Im Mittelpunkt seiner Arbeit stehen die geopolitischen und geostrategischen Bücher von Anton Zischka, Ivar Lissner, Hans Dominik, Walther Pahl, Colin Ross, Margret Boveri, A. E. Johann, Paul Schmitz-Kairo und Eugen Diesel. Eine Literatur, die höchst voraussetzungsreich ist. Aus zwei Gründen.

Einerseits ist sie nur in Kenntnis der nahezu tagespolitischen Zusammenhänge der Zeit von 1918 bis 1939 zu verstehen. Diese Zusammenhänge betreffen nicht allein Erdkundliches, sondern auch Wirtschaft und Politik, sie werden von Hahnemann nicht eigens beschrieben, gleichwohl bilden sie eine wichtige Voraussetzung. Dabei ergeben sich andererseits Begriffe wie Interessens- und Einflusssphären, die höchst unscharf sind und sowohl als irreale Phantasma erscheinen, sich aber zugleich als konkrete politische Handlungsanweisung auswirken können.


Ein Prospekt wahrer „Goldstücke“

Unter der Überschrift Globalisierung ist das neuerliche Interesse an diesen Zusammenhängen unübersehbar. So lässt sich Andy Hahnemann auch darauf hin ertragreich lesen, was man mit geopolitischen Argumentationen an Aufmerksamkeitsteuerung, zum Beispiel mit der Wendung von Peter Struck, als der „Verteidigung Deutschlands am Hindukusch“ , bewerkstelligen kann.

Zugleich offenbart sich in diesen Texten eine komplexe Struktur von furchterregender Allmachtsphantasie, der Landgewinnung im Mittelmeer (Hermann Sörgel) und Überschwemmungsangst durch China, begrifflich verdichtet als ‚gelbe Gefahr‘. Hier wäre damit reichlich Material für eine Fortsetzung der Männerphantasien, die Klaus Theweleit 1977 veröffentlichte.

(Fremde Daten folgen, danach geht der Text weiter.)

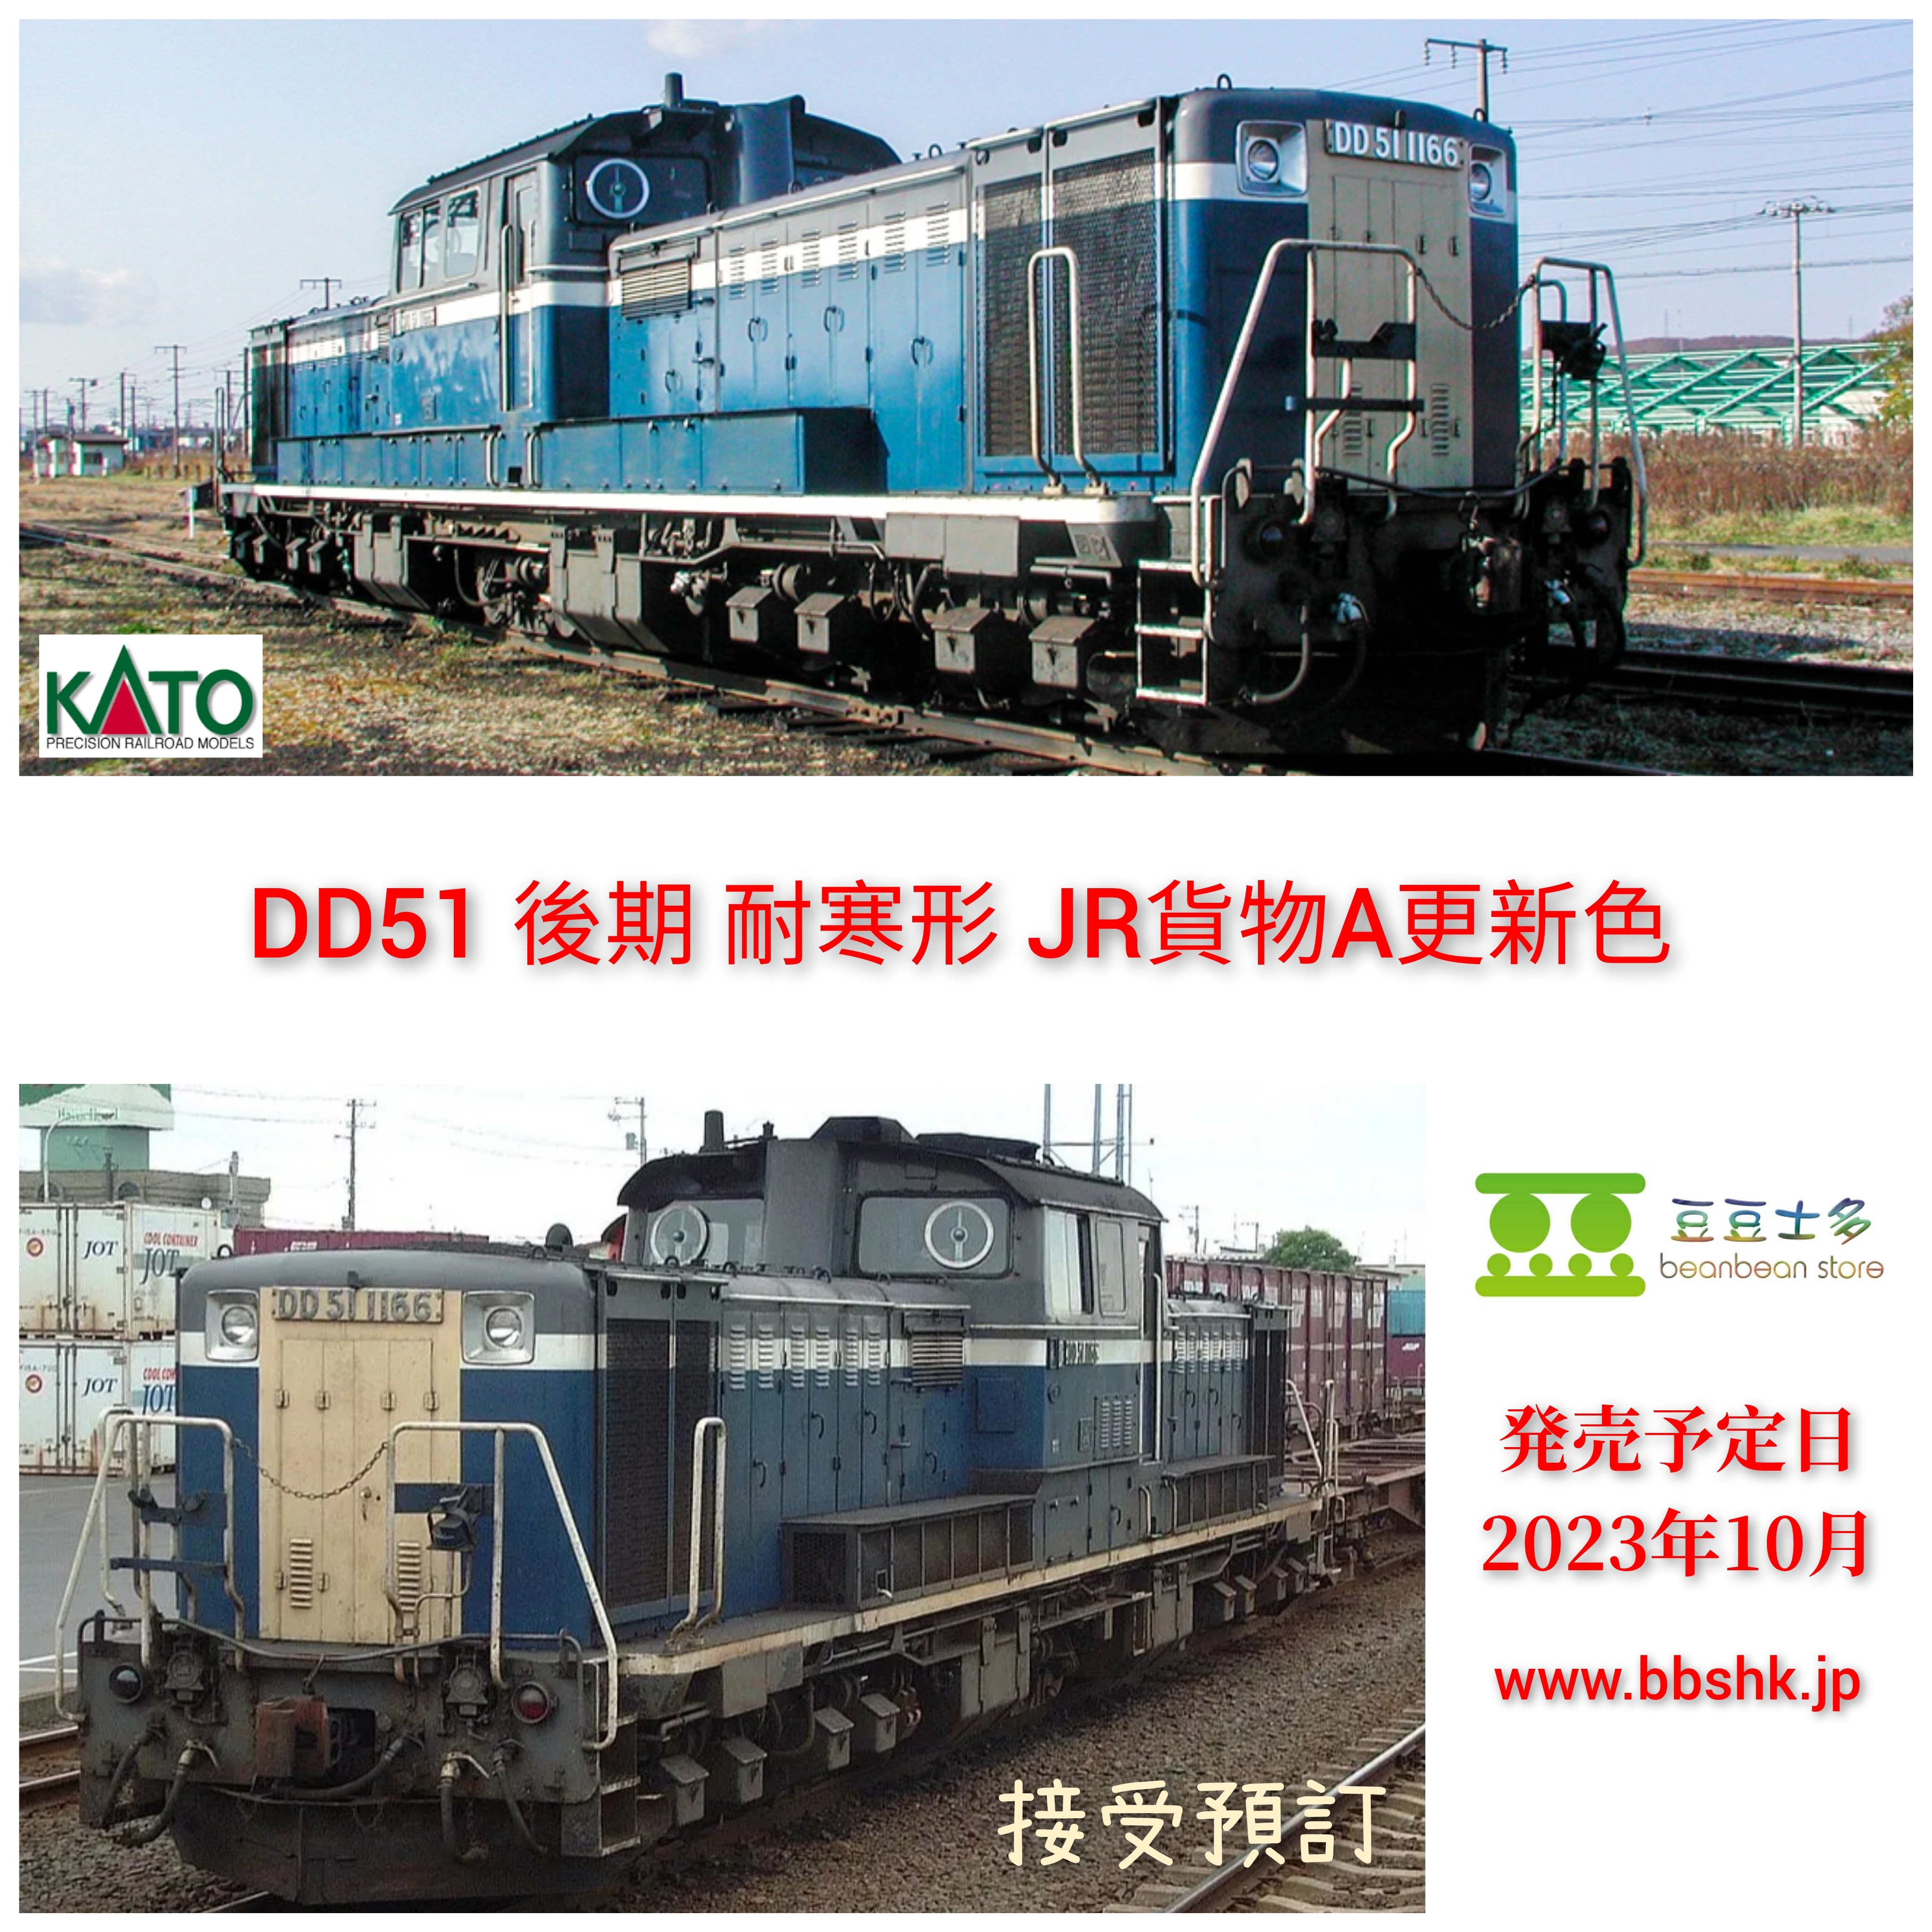 何でも揃う ［鉄道模型］カトー (Nゲージ) 7008-J DD51 後期 耐寒形 JR貨物A更新色

Die älteren Leser dieses Buches werden gar – wie der Rezensent – sich daran erinnert fühlen, was an Sprachmustern und Welterklärungspartikeln im gedanklichen Hausrat der Großeltern sich davon fand. Andy Hahnemann erschließt uns hier die Quellen dieser Vorstellungen.

Weitere Aufgaben

Diese Arbeit ist grundlegend. Welche Anschlüsse an sie sind denkbar? Der Vorschlag von Stefan Hermes in seiner Besprechung Vom Kampf der Kontinente für literaturkritik.de, den Lichtkegel auf Fiktion auszuweiten, führt nur zu der üblichen Selbstnobilitierung über Namen, die im Kindler eine Rolle spielen und die Hermes auch prompt alle nennt. Dass Andy Hahnemann selbst genau dieser Verlockung widersteht, ist beispielhaft.

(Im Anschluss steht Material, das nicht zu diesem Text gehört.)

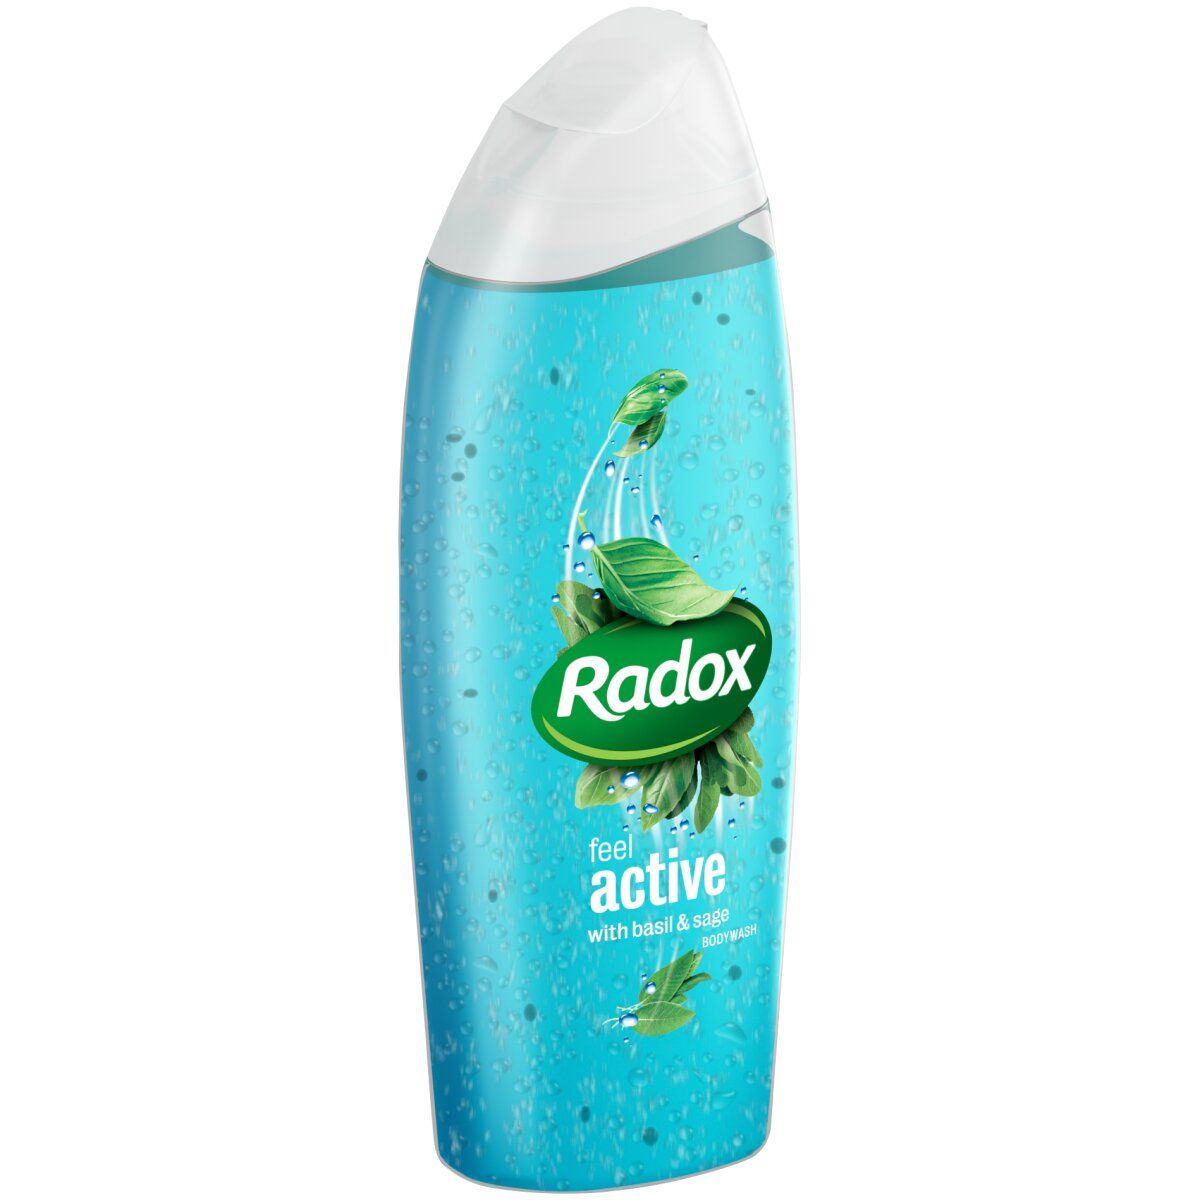 Radox Body Wash 400ml

Interessanter erscheint also die Parzellierung des Konvoluts nach Einzeluntersuchungen. Dazu gehört die Geschichte populärer Wortprägungen, die Rezeption durch gewaltgeprägte Männerbünde und die Verfolgung so unterschiedlich verlaufender Karrieren wie die von Colin Ross, der sich 1945 erschießt, und die von Ivar Lissner, der nach dem Krieg Chefredakteur der Zeitschrift Kristall wird.

Realitätseffekte

Der Mechanismus von Geist und Tat zeitigt Phänomene, die man nur in genauer Analyse erschließt. Diese setzt weniger Ideologiekritik voraus, als eigentliche Lektüre. Dabei kann Andy Hahnemann die verblüffende Feststellung machen, dass in dem Augenblick, als die Nationalsozialisten ihre geopolitischen Vorstellungen in die Tat umzusetzen begannen, die Autoren zunehmend sachlicher und realistischer wurden. „Sind die 20er Jahre von einem oft ins Fantstaische gehenden Überschwang gekennzeichnet, findet in den 30er Jahren eine sichtbare Versachlichung statt“, schreibt Hahnemann.

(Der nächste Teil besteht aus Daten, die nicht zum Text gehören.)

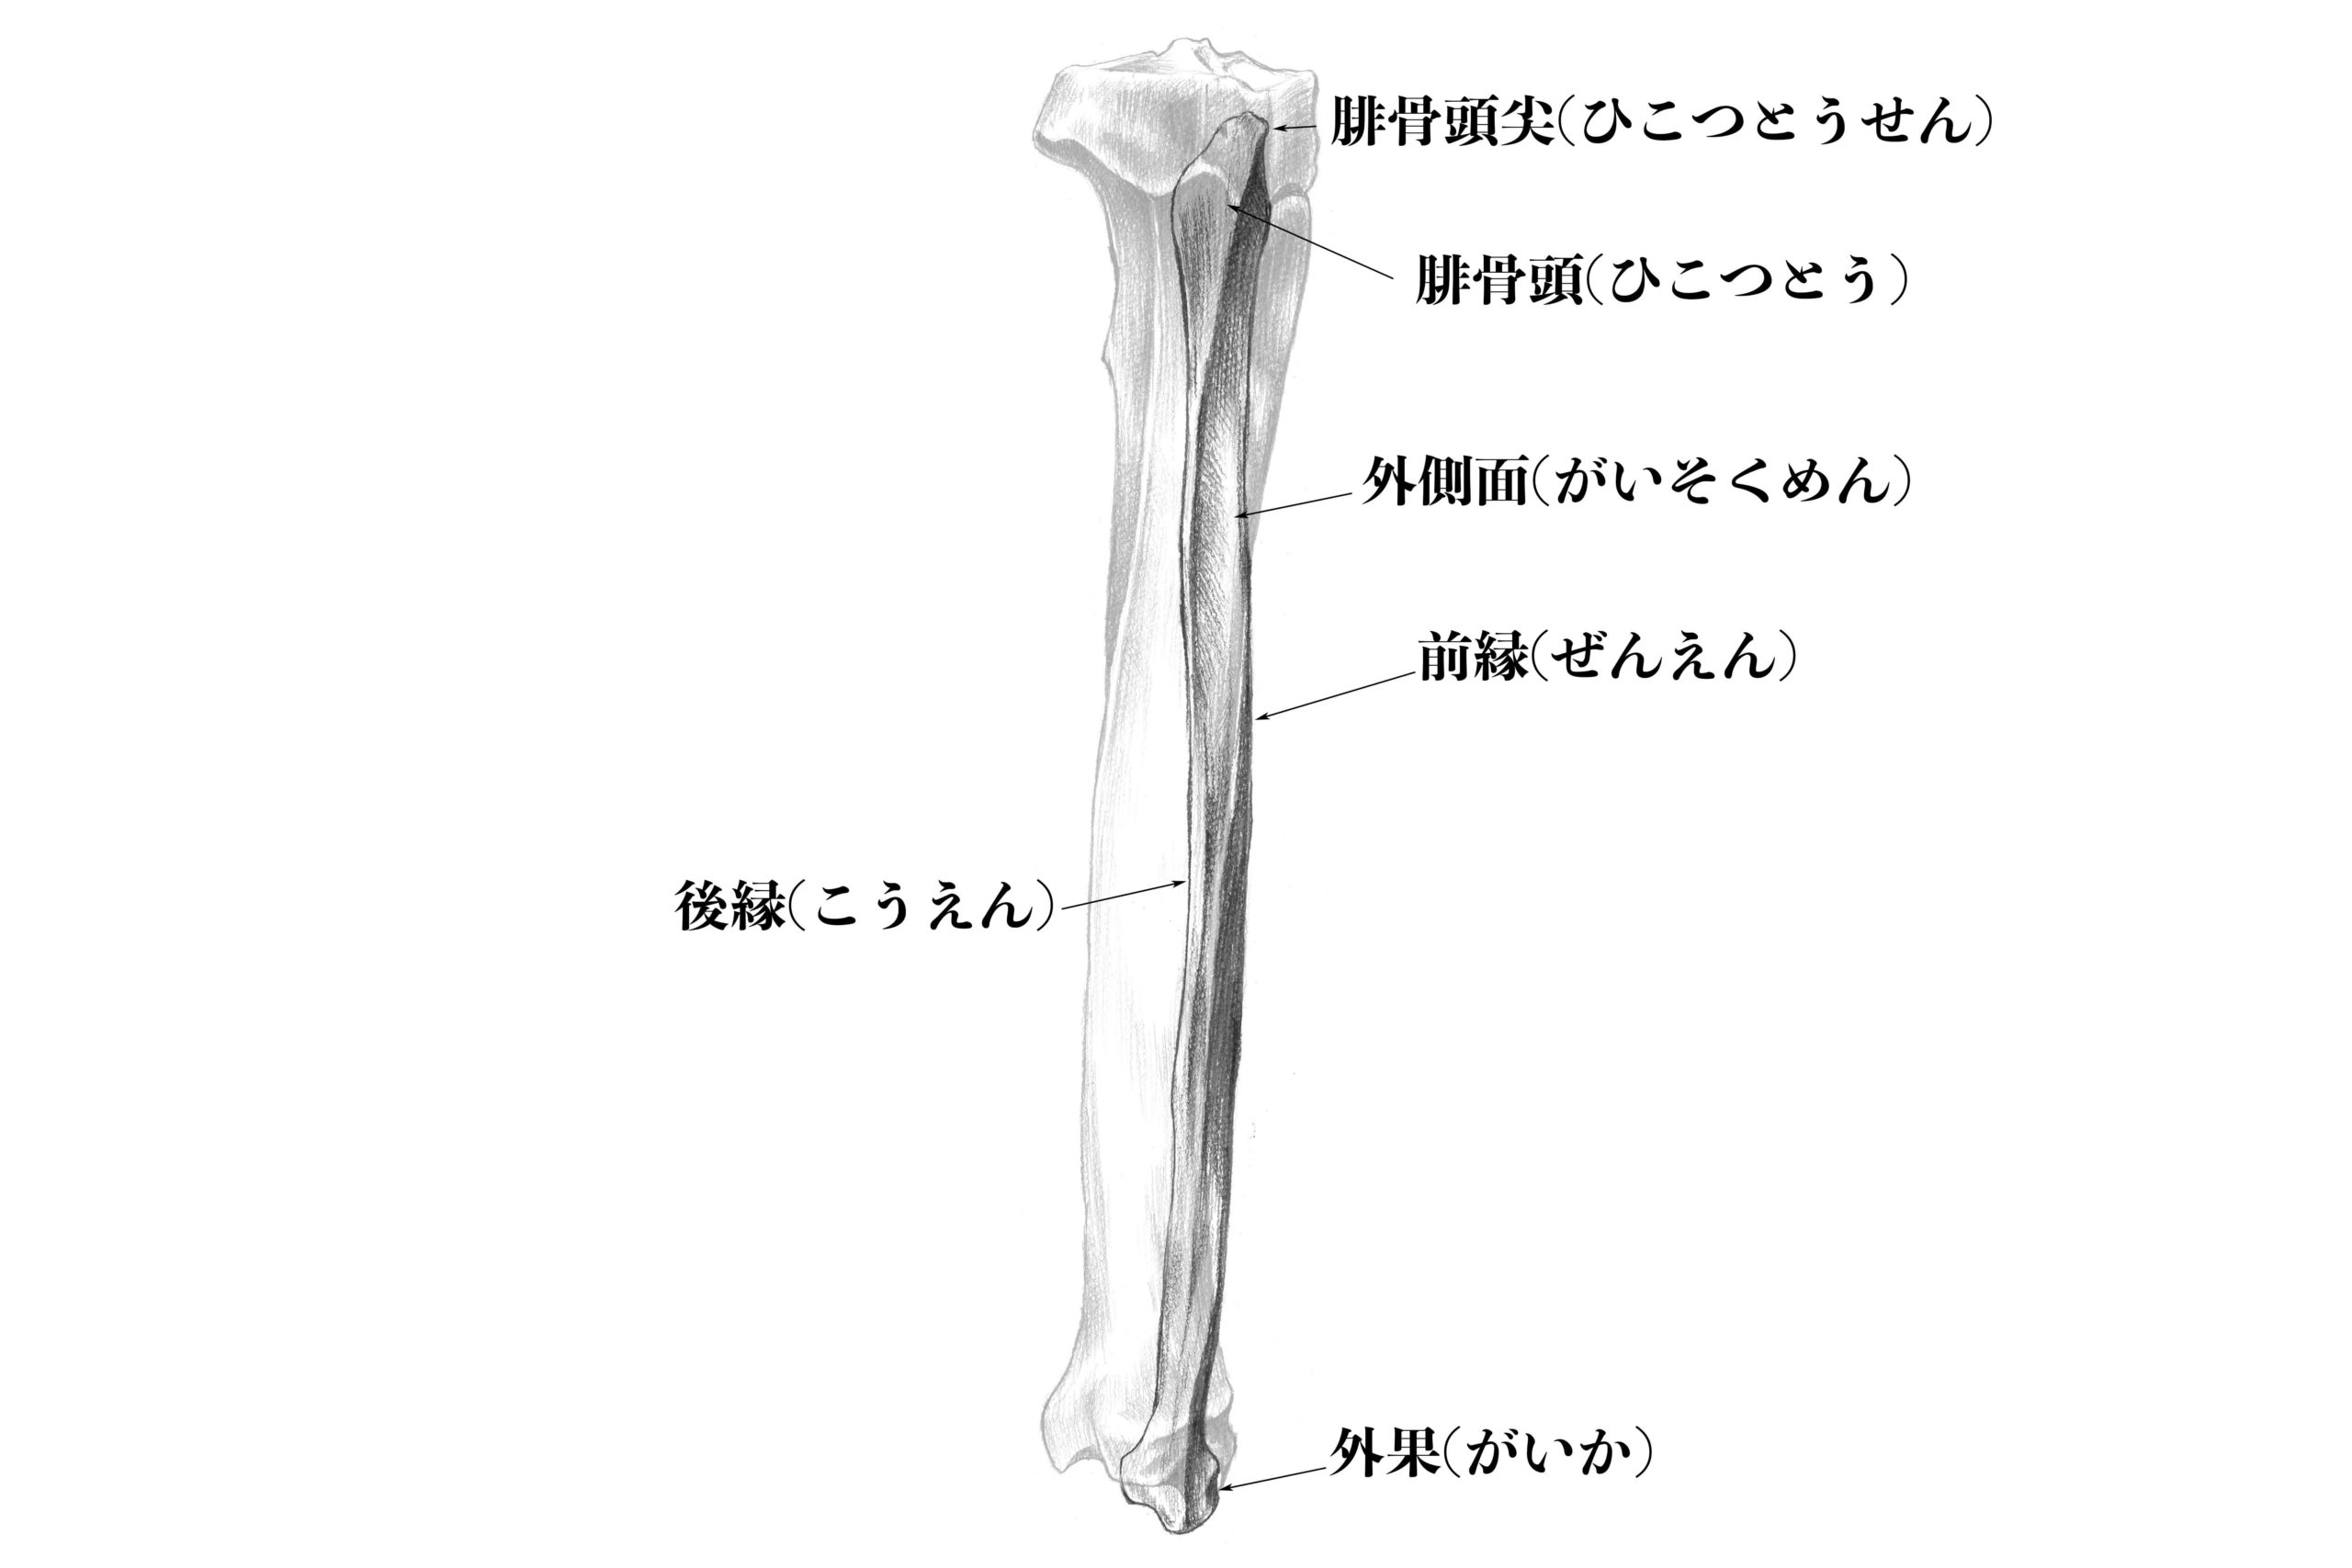 腓骨外側のスケッチ

Andy Hahemann hat mit den Texturen des Globalen einen Textkorpus erschlossen, in dem Geist und Tat ein unentwirrbares Geflecht ergeben, das in seiner Rhetorik der Selbstimmunisierung scheitert: „Interessiert ist diese Ästhetik stets nur an Phänomenen der Konzentrationen, der Marschrichtungen und Homogenisierungen; alles andere erscheint als vernachlässigbar und gilt als überflüssig.“ Die Katastrophe, als die Weltgeschichte angesehen wird, wird erzeugt.